I also have a small Chinese bench top model that performs like a champ as well as my JET floor model . I really like your table addition and might have to steal it sometime soon ! I see you also use it as a sander : ) Nice job …


----------



## kosta

how good is this drill press compared to the skil drill press


----------



## a1Jim

good review thanks


----------



## Miket

I have a little one like that (don't remember the brand) and they are great for little things.


----------



## ferstler

Hi, Kosta,

I have no idea how they compare. I suggest that you look closely at each, checking each feature that you consider important. For example check the drill-depth gauges to see how they compare. The Ryobi has that round gauge, whereas other brands sometimes have a shaft-type gauge that some users prefer. Check the table sizes and compare their fences and also the tilt adjustment with the table. (I rarely use a fence with a band saw, myself, but maybe that is important to you.) Check things like the tracking adjustment and whether or not the thing has a quick release for the blade tension.

My guess is that they are probably about equal in overall performance, but one may appeal to you more than the other for reasons involving one of the esoteric features.

Howard


----------



## Straightlines

Great little DP. Precise, tight, plenty powerful for most woodworking operations and many metal operations too. Portable! I happen to like its depth stop, but my only issue with it is the clearance between the column and spindle.


----------



## ferstler

I recently sold my small drill press, small miter saw, small tabletop belt sander, small jobsite saw, and small band saw to my neighbor across the street, who uses all of them in various projects, most of which are small-scale enough for those tools to be in their elements. I probably would have kept all of them, but my shop is small and I needed the extra bench-top and floor space. I actually sometimes miss the drill press considerably when I am doing work that involves switching back and forth between, say, conventional drill bits and countersink bits.

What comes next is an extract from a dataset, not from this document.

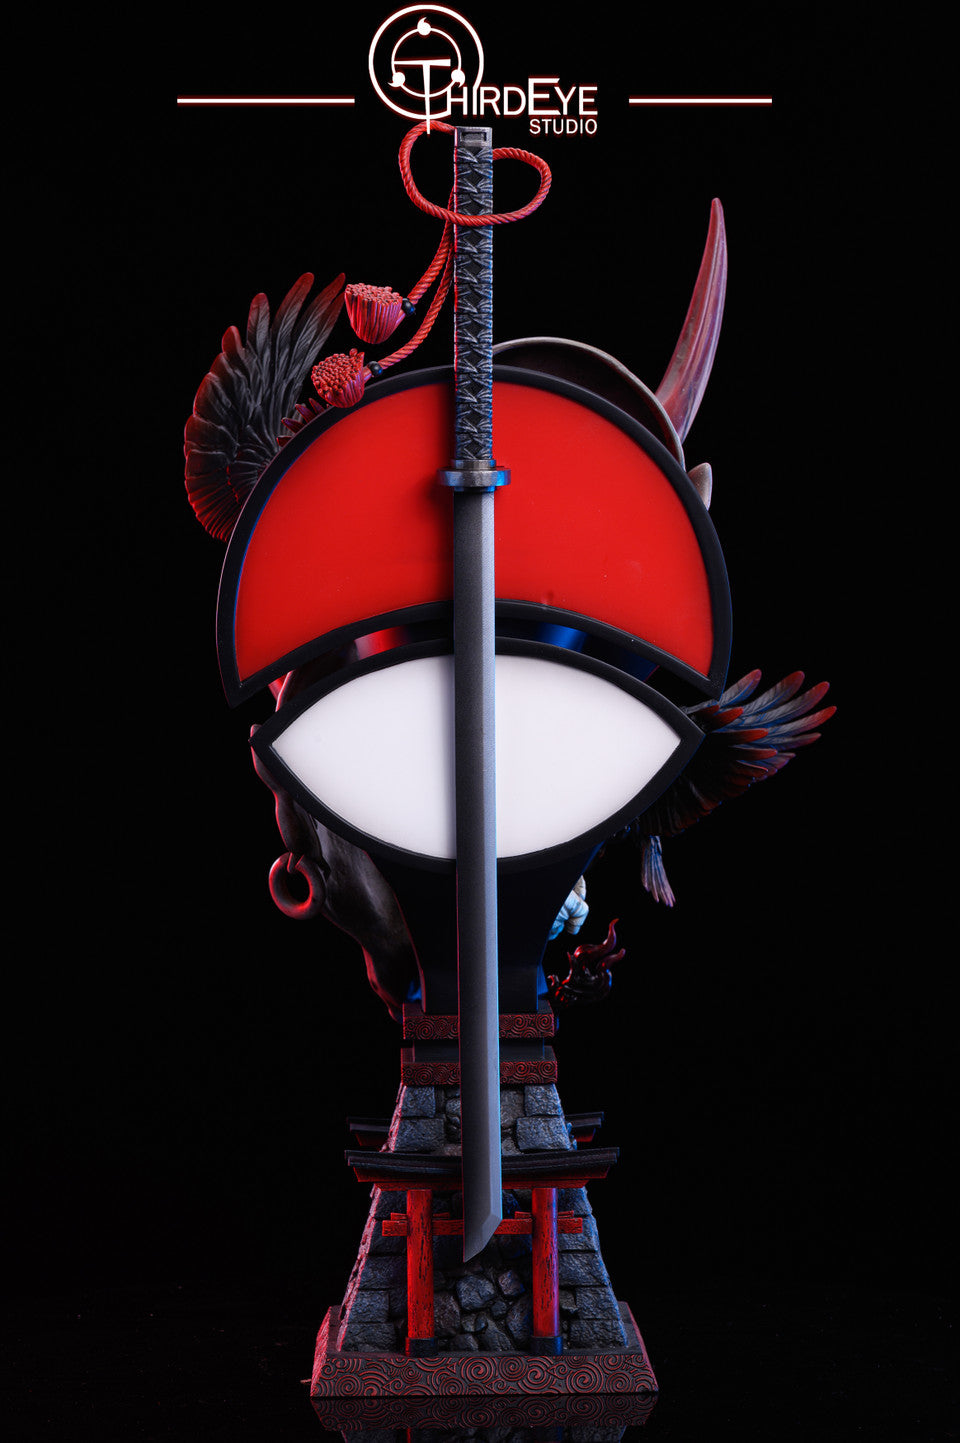 [IN STOCK] Naruto - Third Eye Studio - Itachi Bust 1/3 (Price Does Not Include Shipping - Please Read Description)

Ditto the band saw, when I have to sometimes do small circular cuts and sometimes have to cut decent straight lines. Saves changing out the band blades. Having the extra press, as well as the other small tools, would allow for a bit more speed. In any case, I stand by everything I said about all of those units, including those I have reviewed elsewhere in my initial reviews on this site. Small, econo-grade tools have their uses, especially when working with smaller workpieces.

Howard


----------